Heh, a while ago I joked that one way to scale is to "make it somebody else's problem", with the proviso that you need to make sure that the someone else can handle the load. And then (due to the context) a commenter balked at the idea that a big player like YouTube would be unable handle the scaling of their core business.
https://news.ycombinator.com/item?id=23170685
(If they're really blaming it on AWS, it really takes guts to do it so publicly, I think.)
The issue was a transit gateway, a core network component. If they weren't in the cloud, this would have been a router, so they "outsourced" it in the same way an on-prem service outsources routing to Cisco. I guess the difference is they might have had better visibility into the Cisco router and known it was overloaded.
VPCs are virtual, but I don't need VPCs, I need the entire network layer virtualized and abstracted. As you suggested,just grouping devices in a single network and saying "let them all talk to each other, let this one talk to that one over this port/IP" should be all I describe. Let AWS figure out CIDR, routing, gateways, etc.
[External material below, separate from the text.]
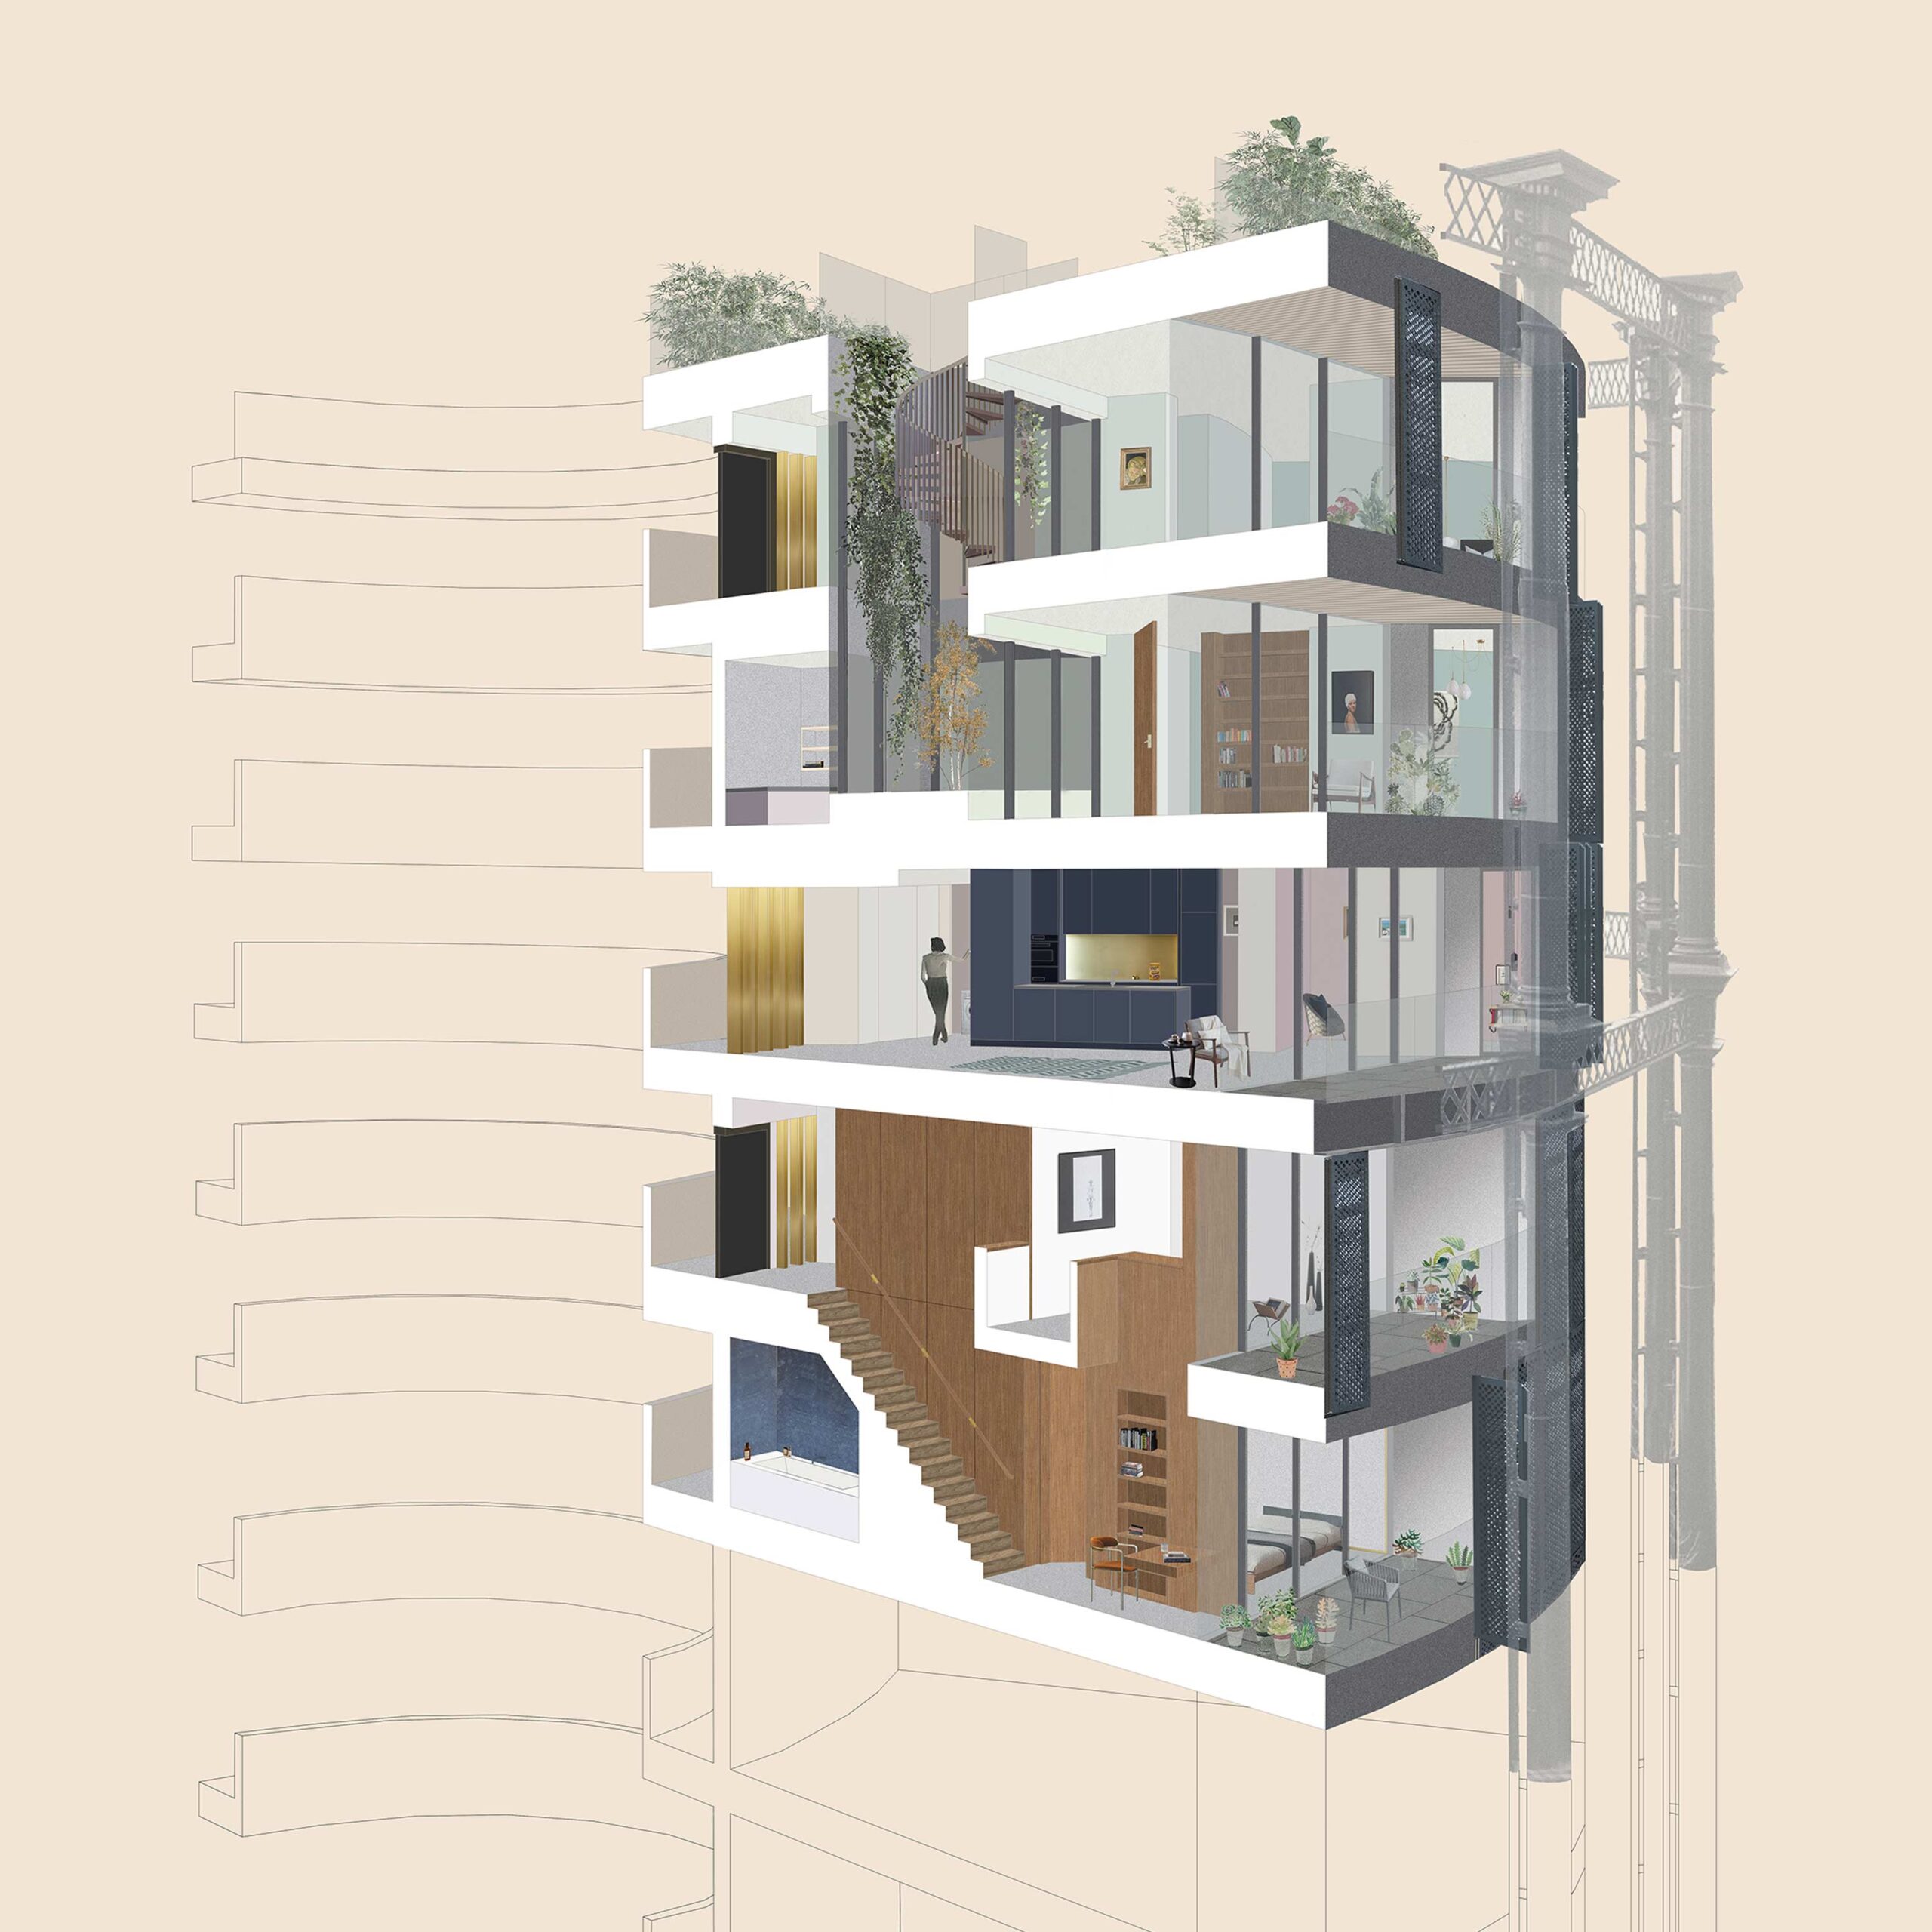 Illustration en coupe montrant la division des appartements d'un et de deux étages.

Of course, it also creates a ton of overhead and complexity, because you still have to wire all your VPCs together to implement things like monitoring and log aggregation, for example.
As other people have suggested, the better solution (imo) is to have all your traffic be encrypted with mTLS, and enforce your ACLs with certs instead of network accessibility.
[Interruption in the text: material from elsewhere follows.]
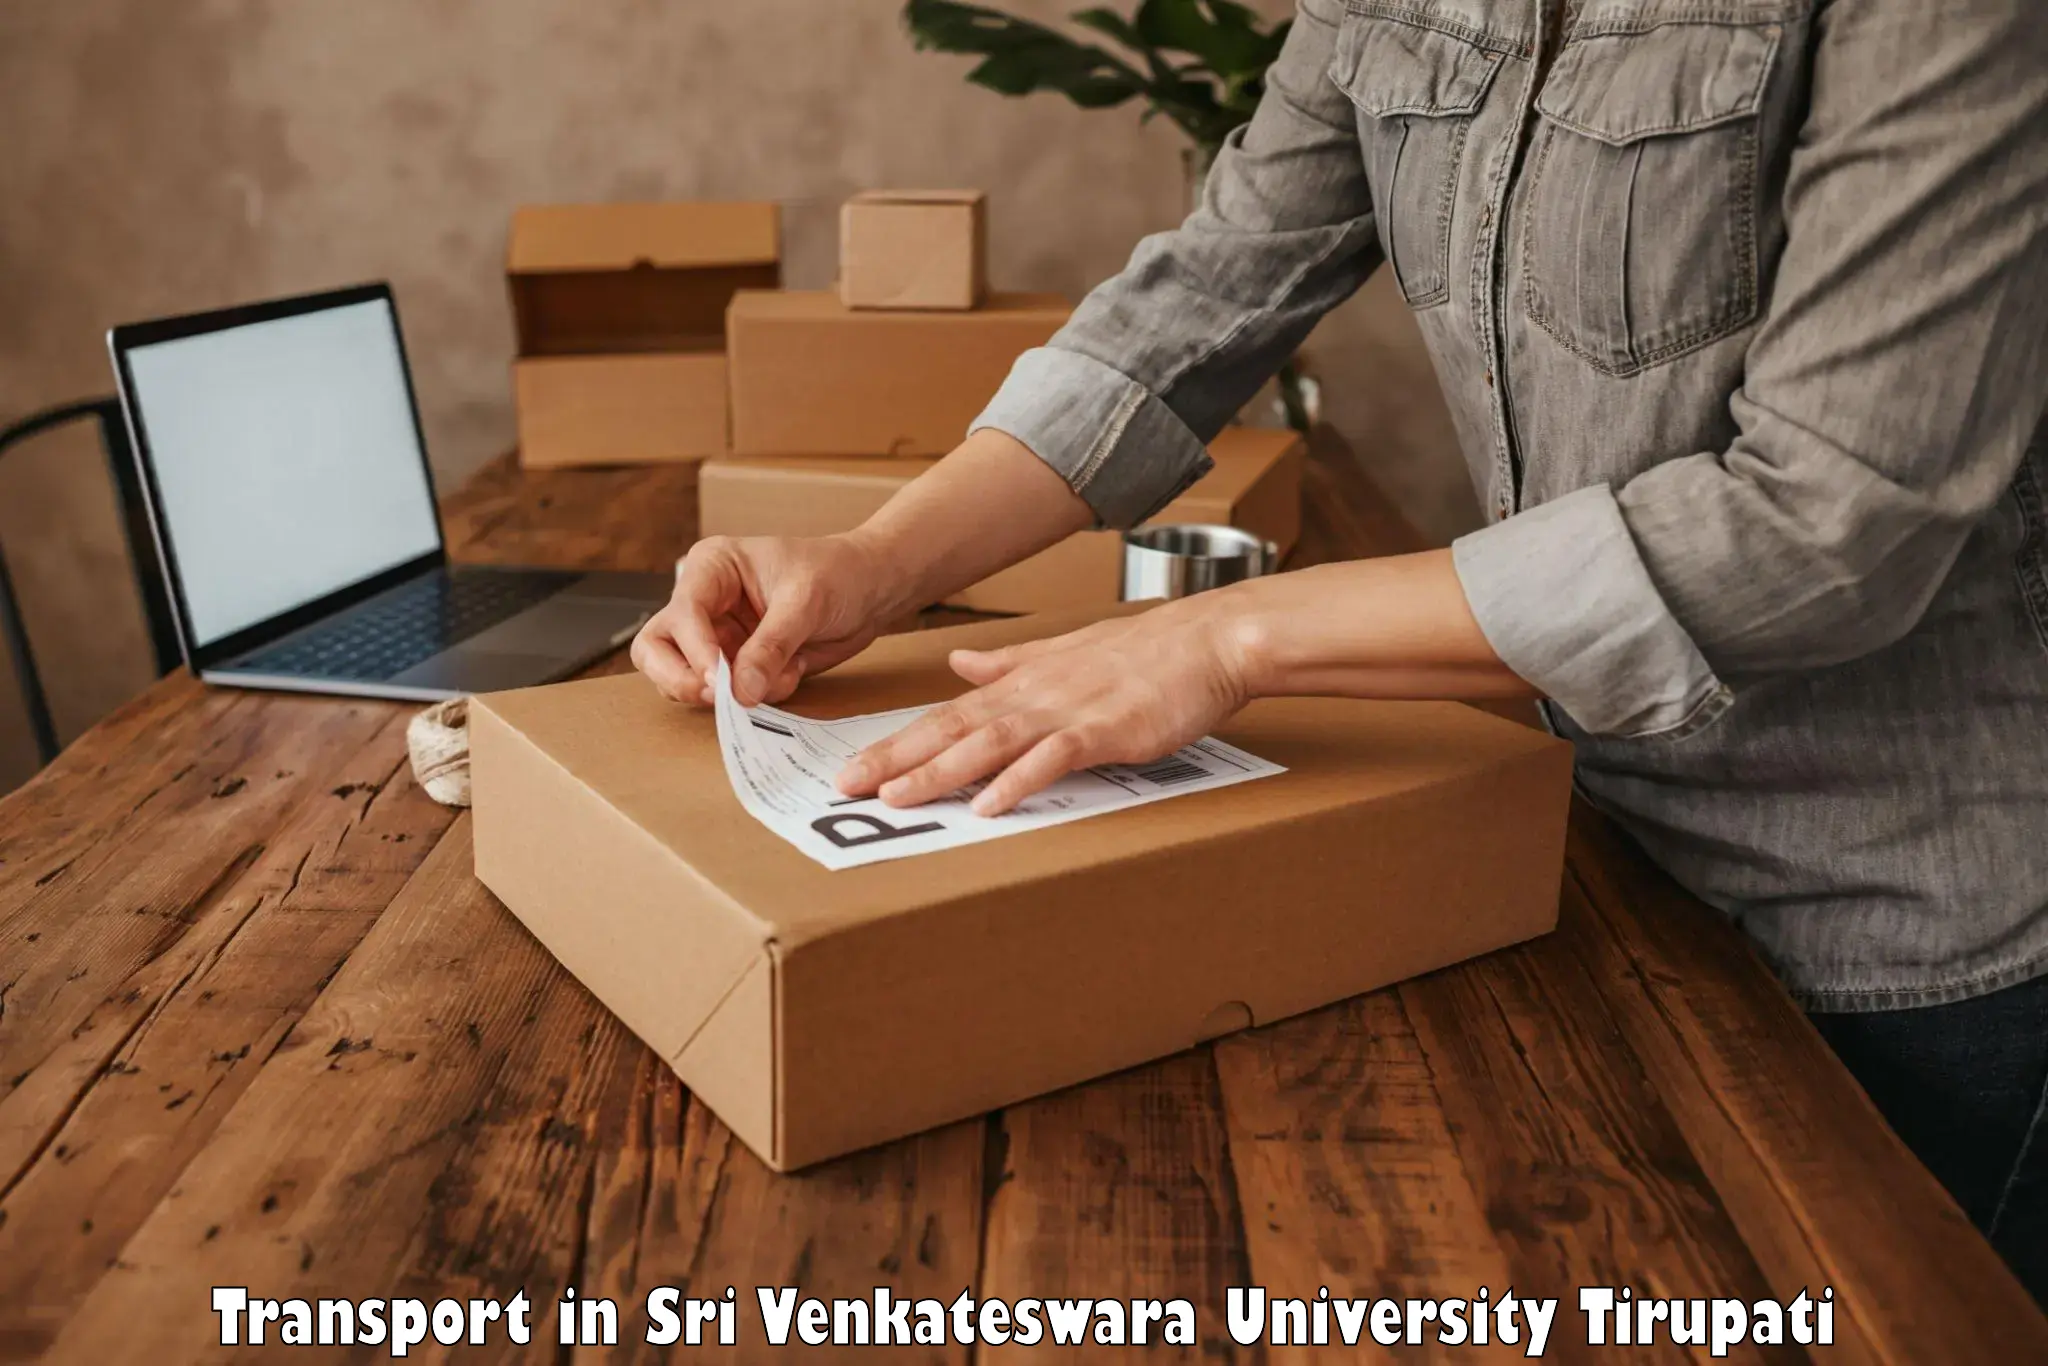 Transportation services in Sri Venkateswara University Tirupati

However, if you are relying on defense in depth for security, then having them be network separate helps prevent internal DDoS attacks, whether malicious or not.
Enforcing security across the entire network layer has many positives. But I don't want to be messing with the lower levels, and those lower levels all have the same security models and solutions as one another, at least if you view them at a high level.
VPCs have value as a security and availability solution, I just don't want to have to configure it to get what could be an automatic benefit.
https://www.techradar.com/in/news/amazon-has-hoarded-billion...
It's similar to Black Friday spikes Amazon handles themselves.